# TASK DETAILS
In the listing below, find the line containing "How Does A Savings" and the line containing "Signature Design by", then copy exactly everything from the first through the second, except the pictures.

# DATA SHOWN
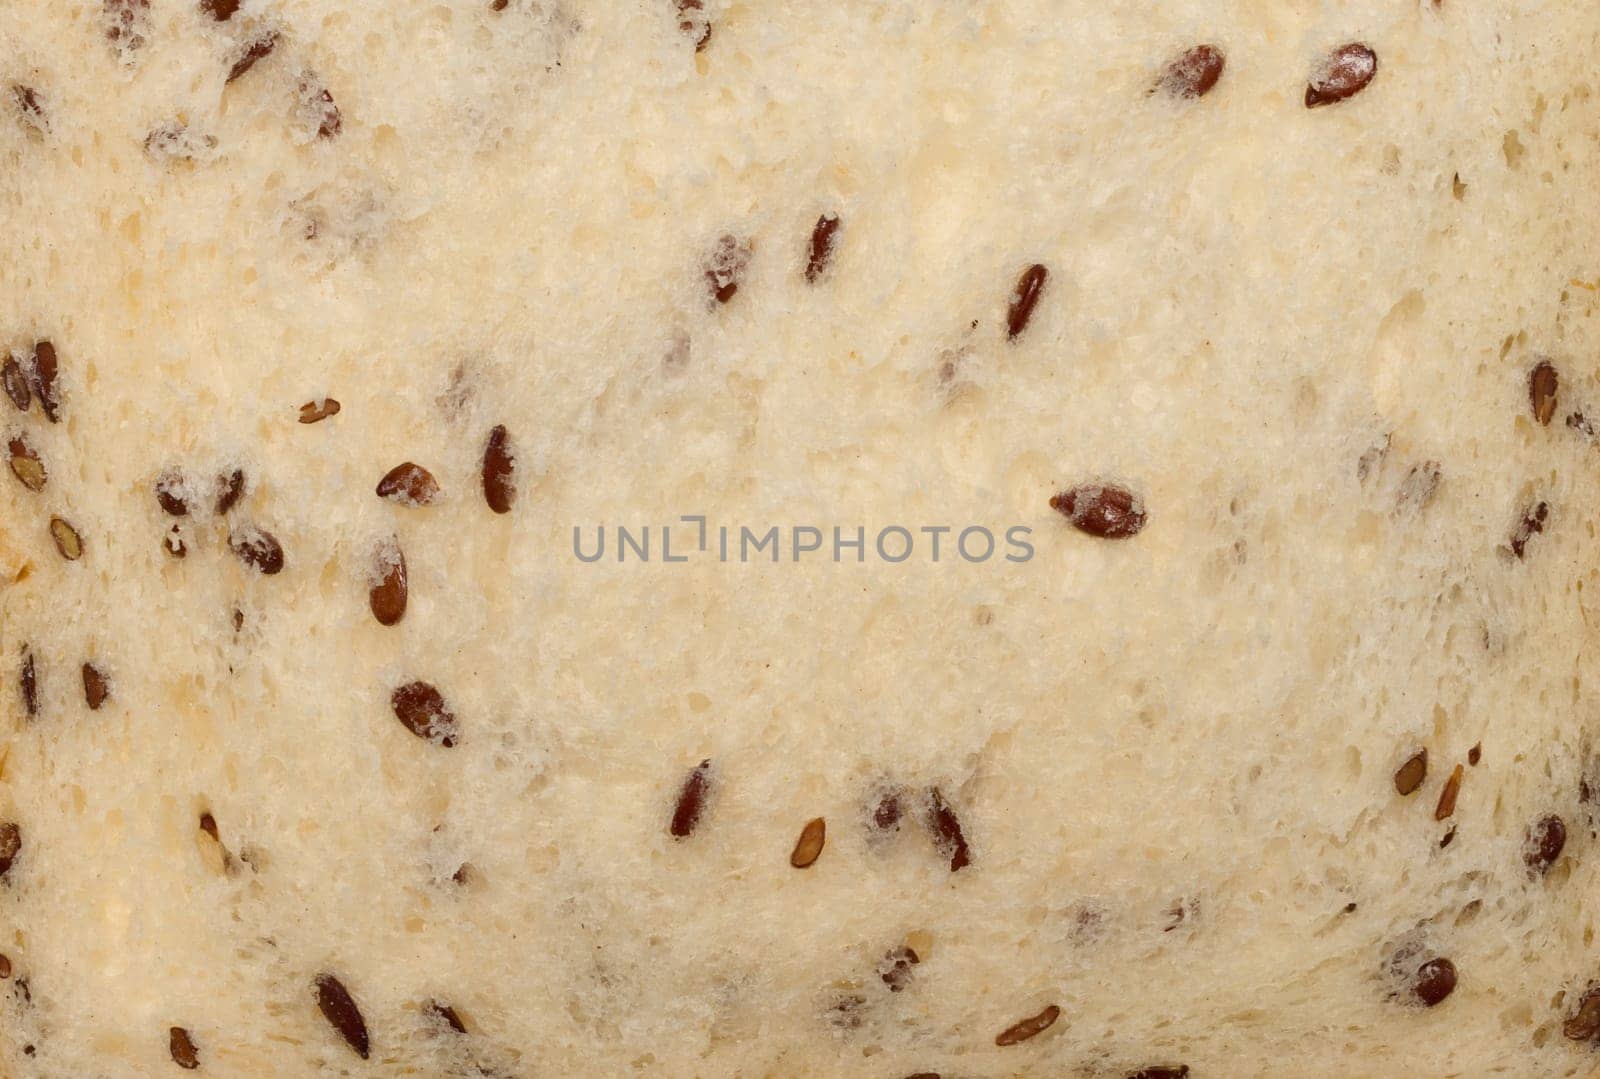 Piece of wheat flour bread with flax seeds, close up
==
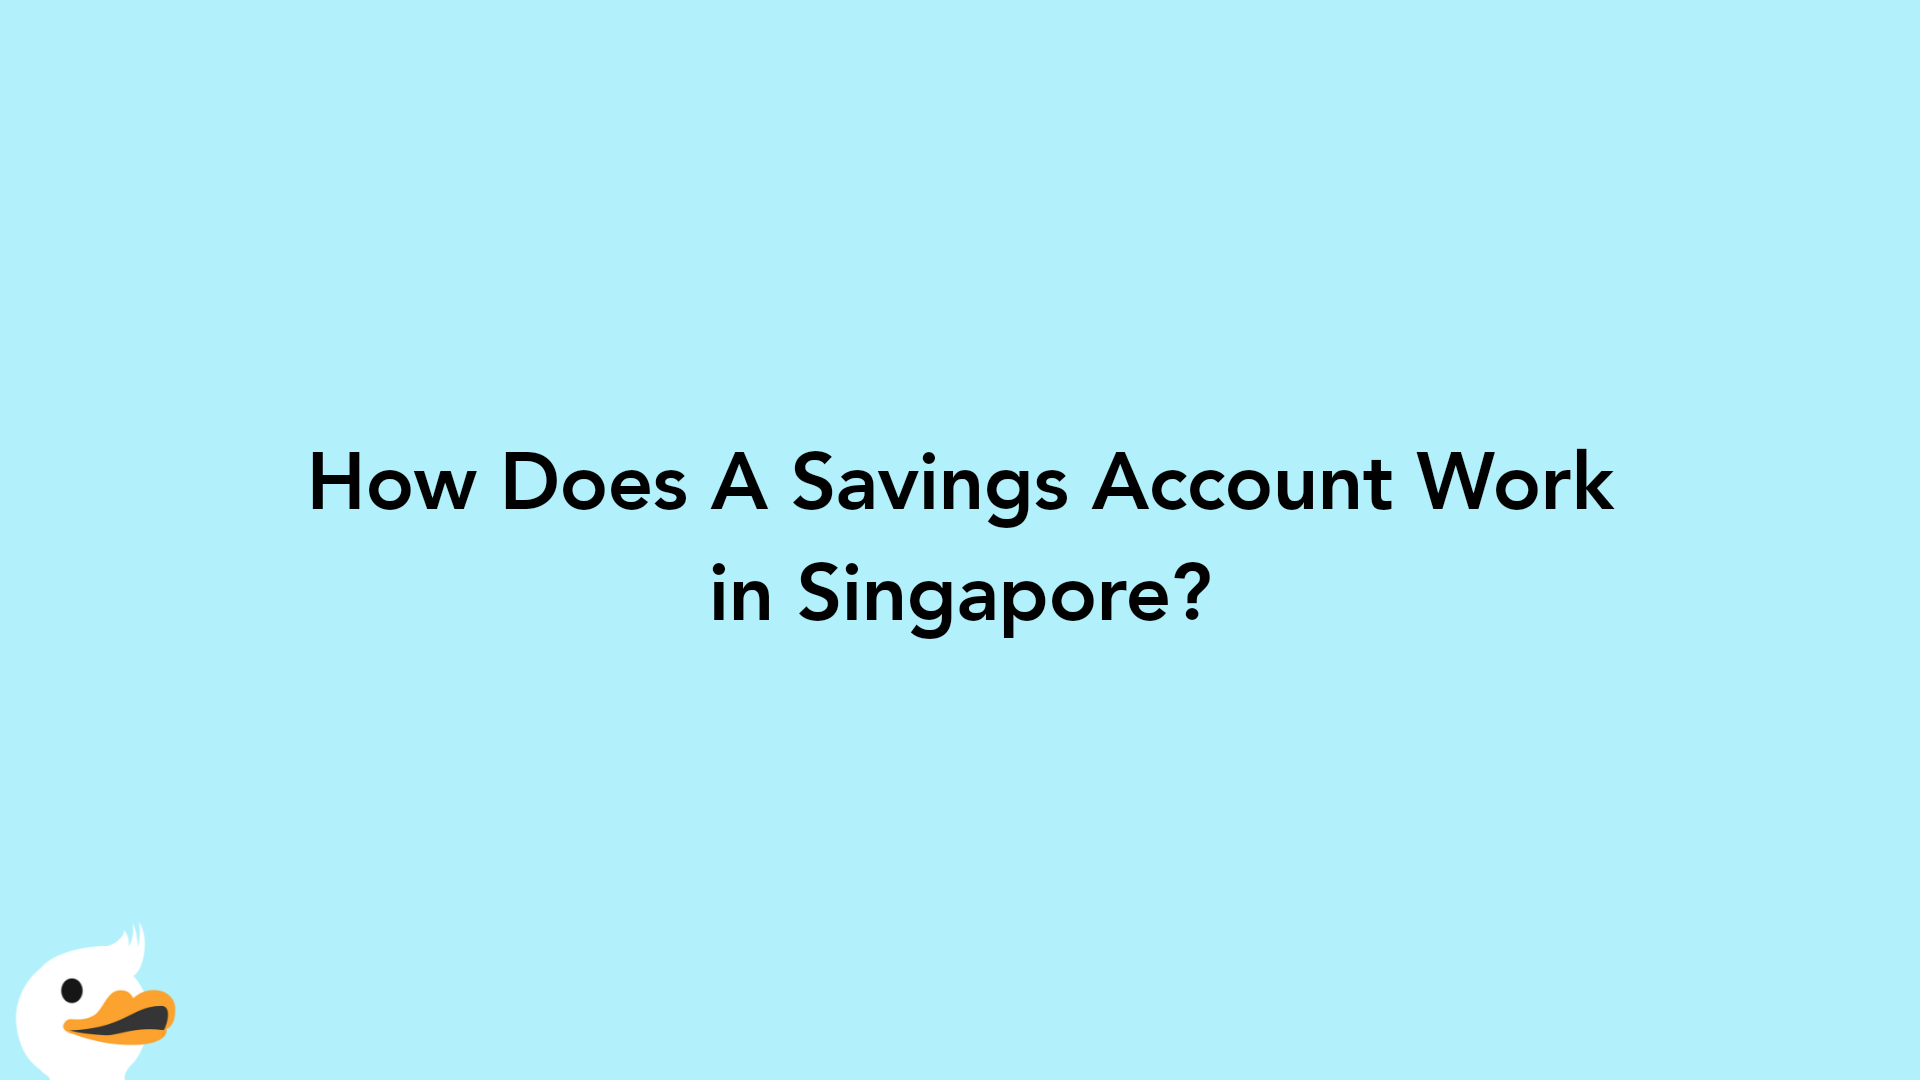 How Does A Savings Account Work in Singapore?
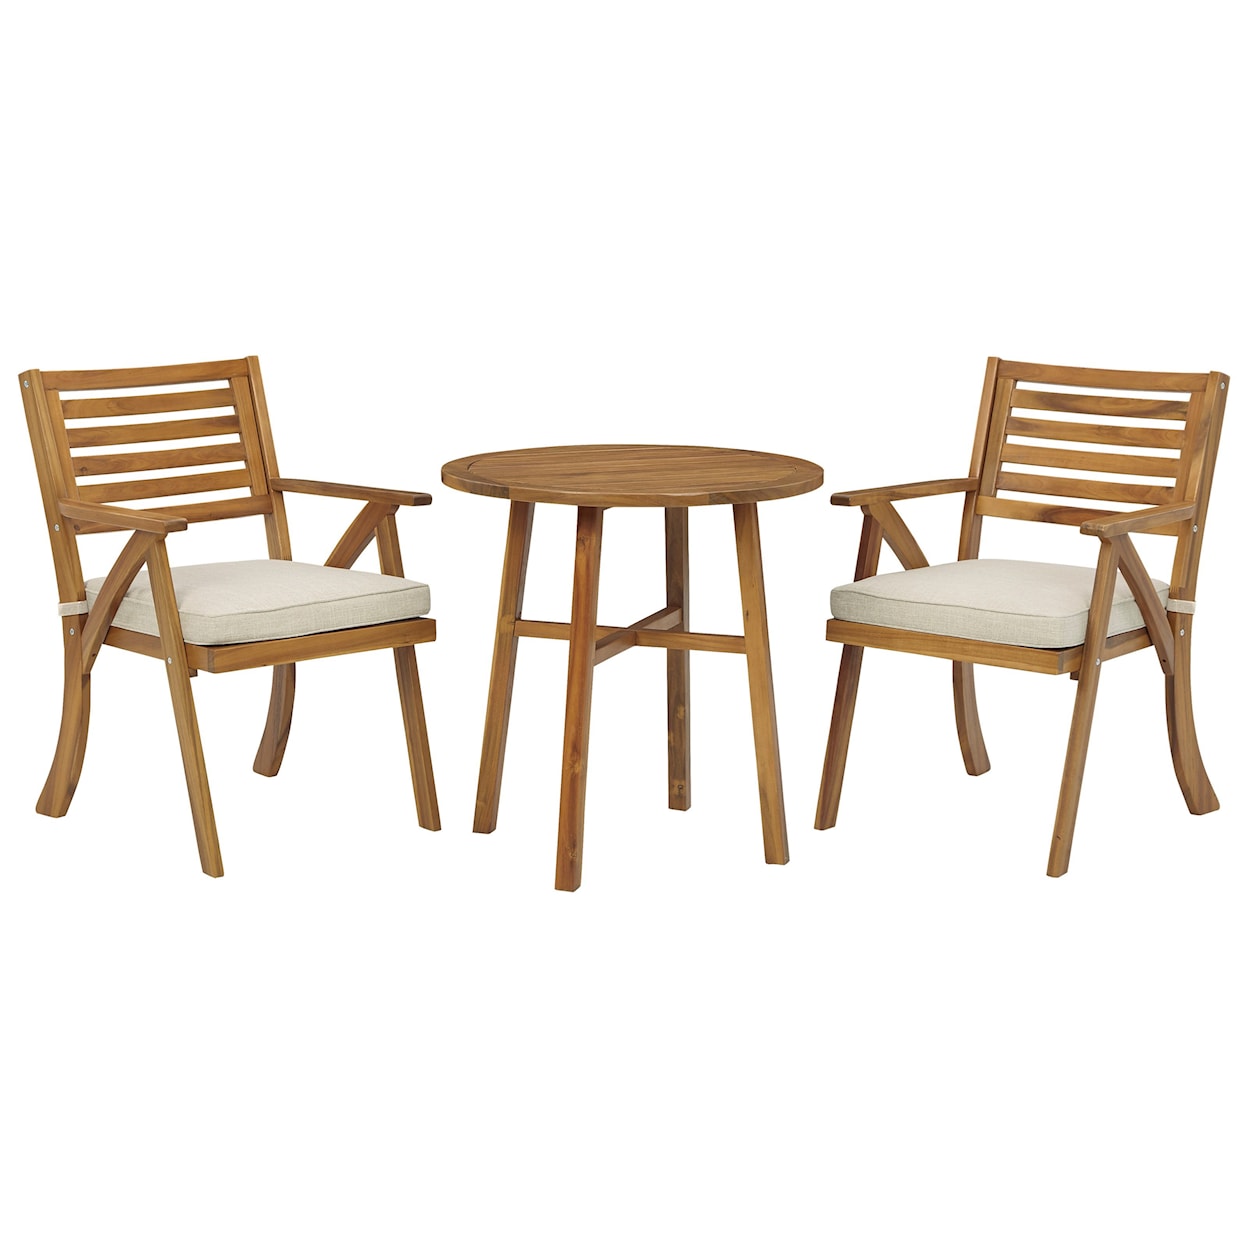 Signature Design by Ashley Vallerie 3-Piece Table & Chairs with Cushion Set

# YOUR RESPONSE
 How Does A Savings Account Work in Singapore?
 Signature Design by Ashley Vallerie 3-Piece Table & Chairs with Cushion Set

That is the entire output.